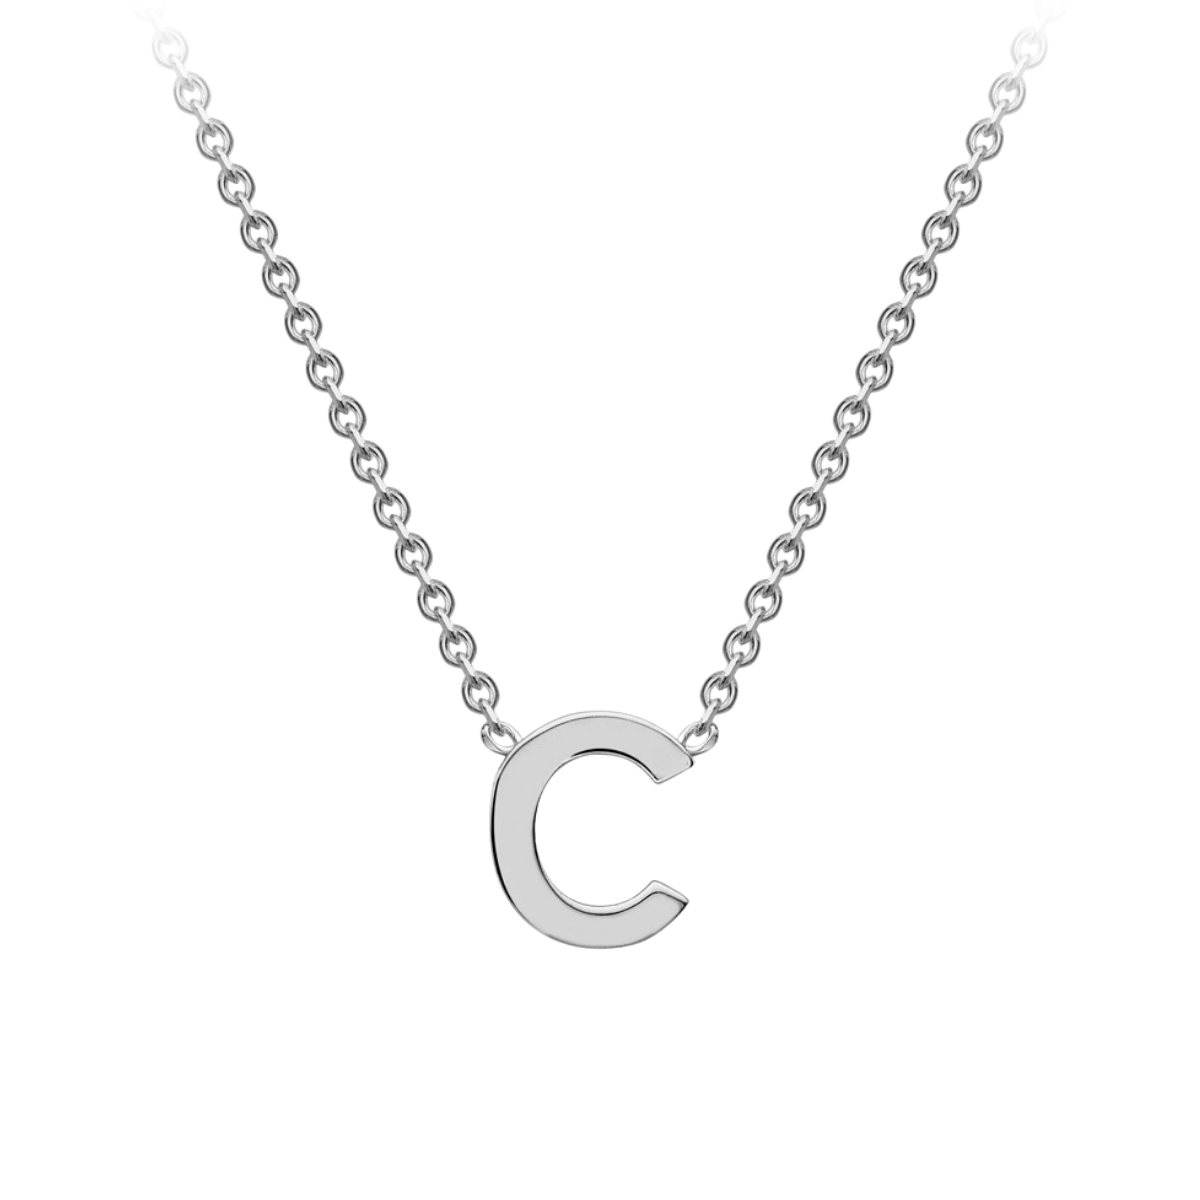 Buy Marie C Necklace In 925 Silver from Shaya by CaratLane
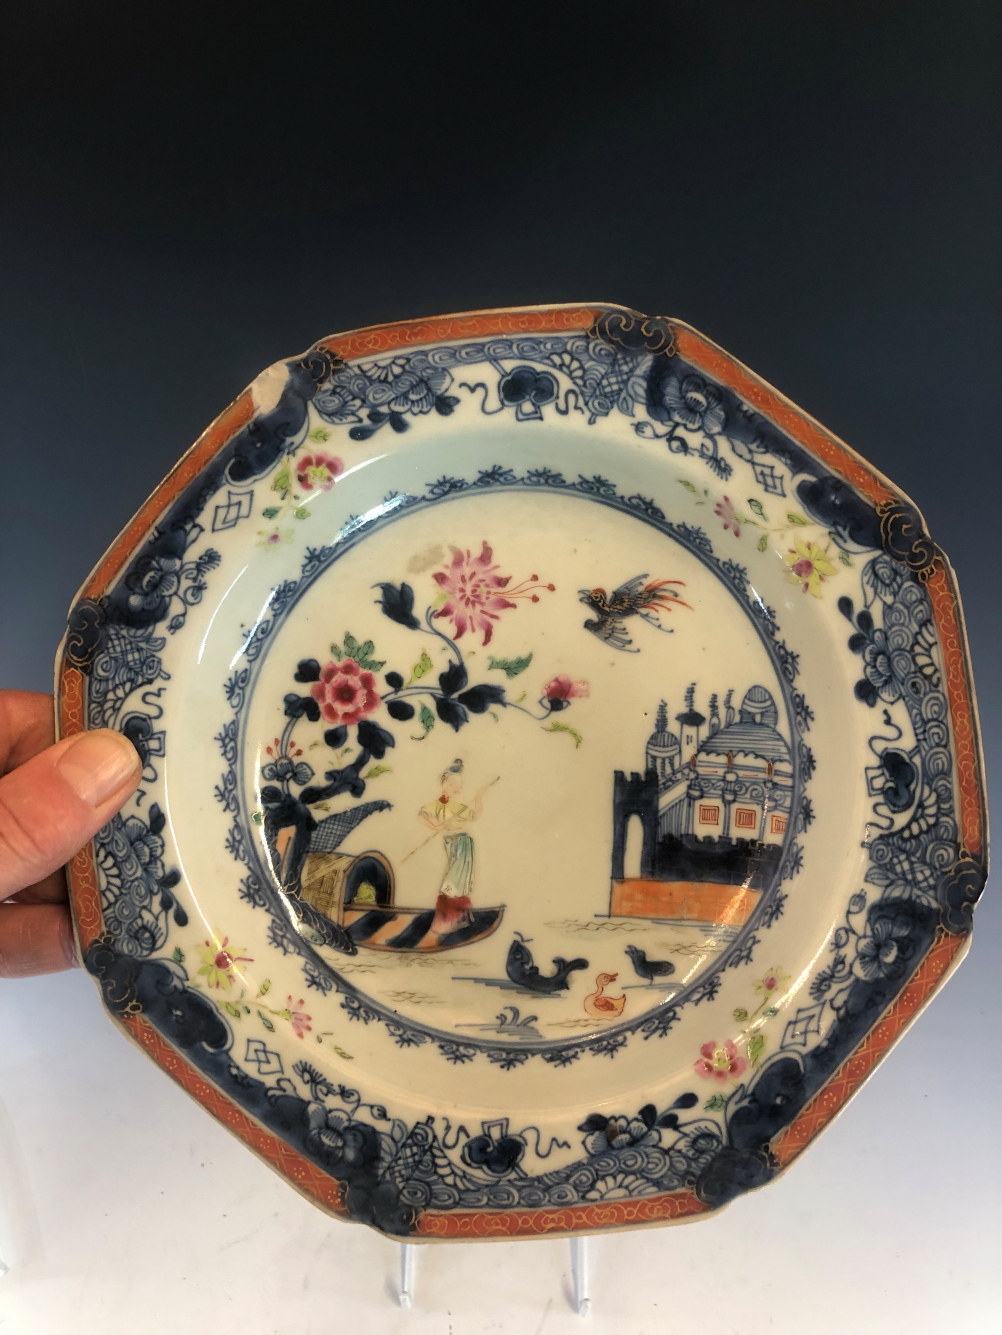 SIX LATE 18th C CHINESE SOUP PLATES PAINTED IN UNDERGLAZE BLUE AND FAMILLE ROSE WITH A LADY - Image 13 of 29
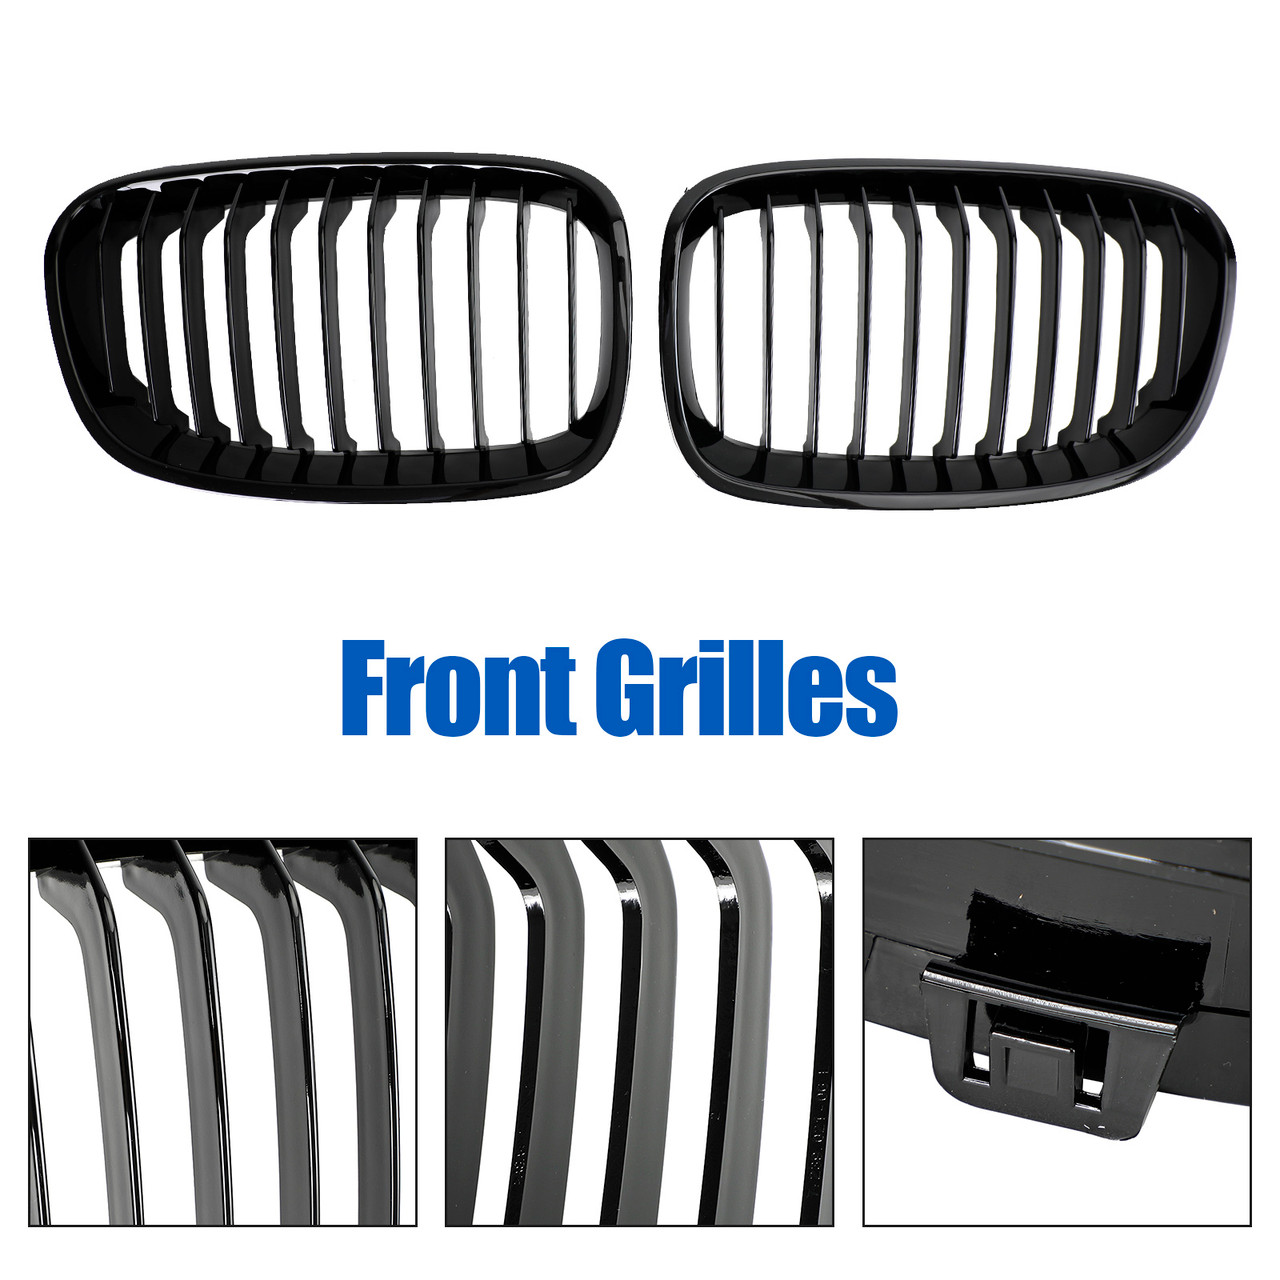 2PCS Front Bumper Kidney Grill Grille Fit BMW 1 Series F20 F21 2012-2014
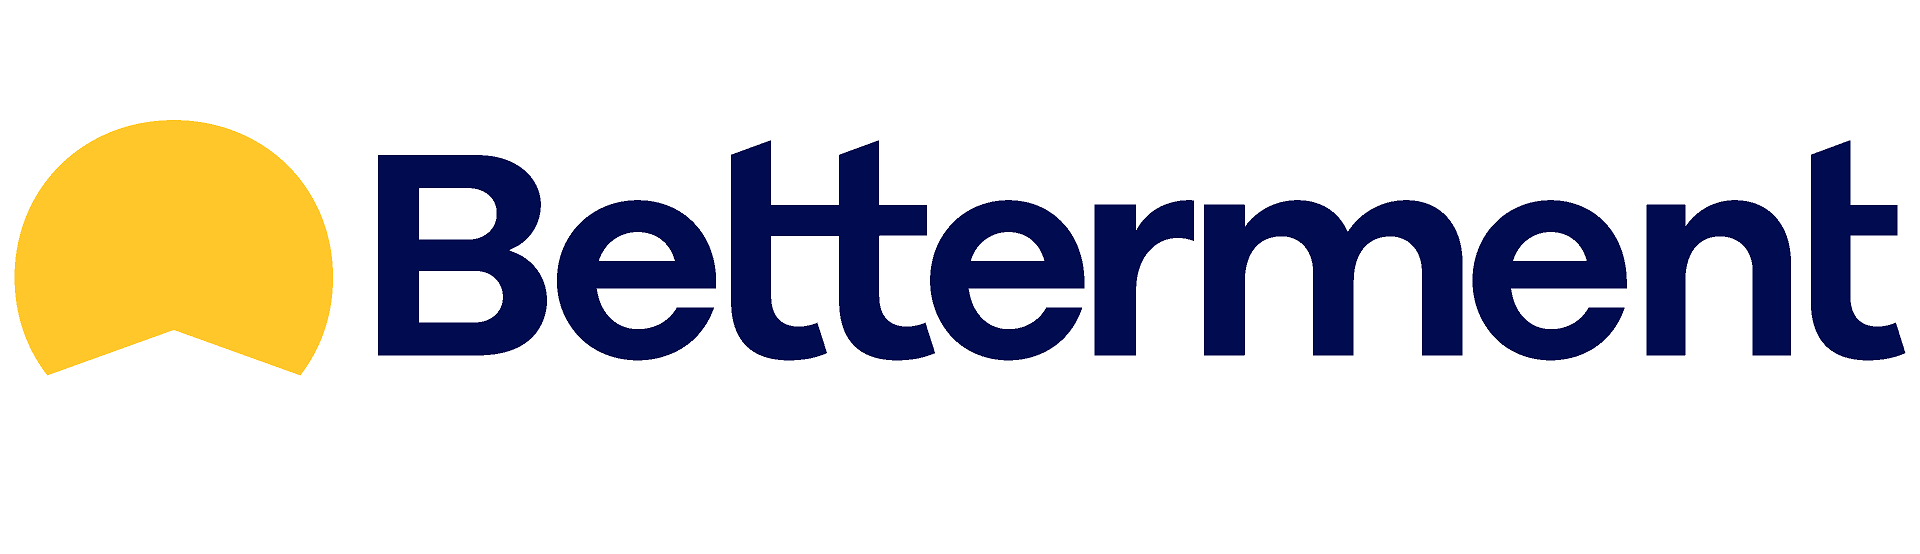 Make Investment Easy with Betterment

▶ _What the task asks_:
From the line holding "SIX LATE 18th" to the final line of the data above, give each line again exactly, both ends included, and drop the pictures.

▶ _Written reply_:
 SIX LATE 18th C CHINESE SOUP PLATES PAINTED IN UNDERGLAZE BLUE AND FAMILLE ROSE WITH A LADY - Image 13 of 29
 2PCS Front Bumper Kidney Grill Grille Fit BMW 1 Series F20 F21 2012-2014
 Make Investment Easy with Betterment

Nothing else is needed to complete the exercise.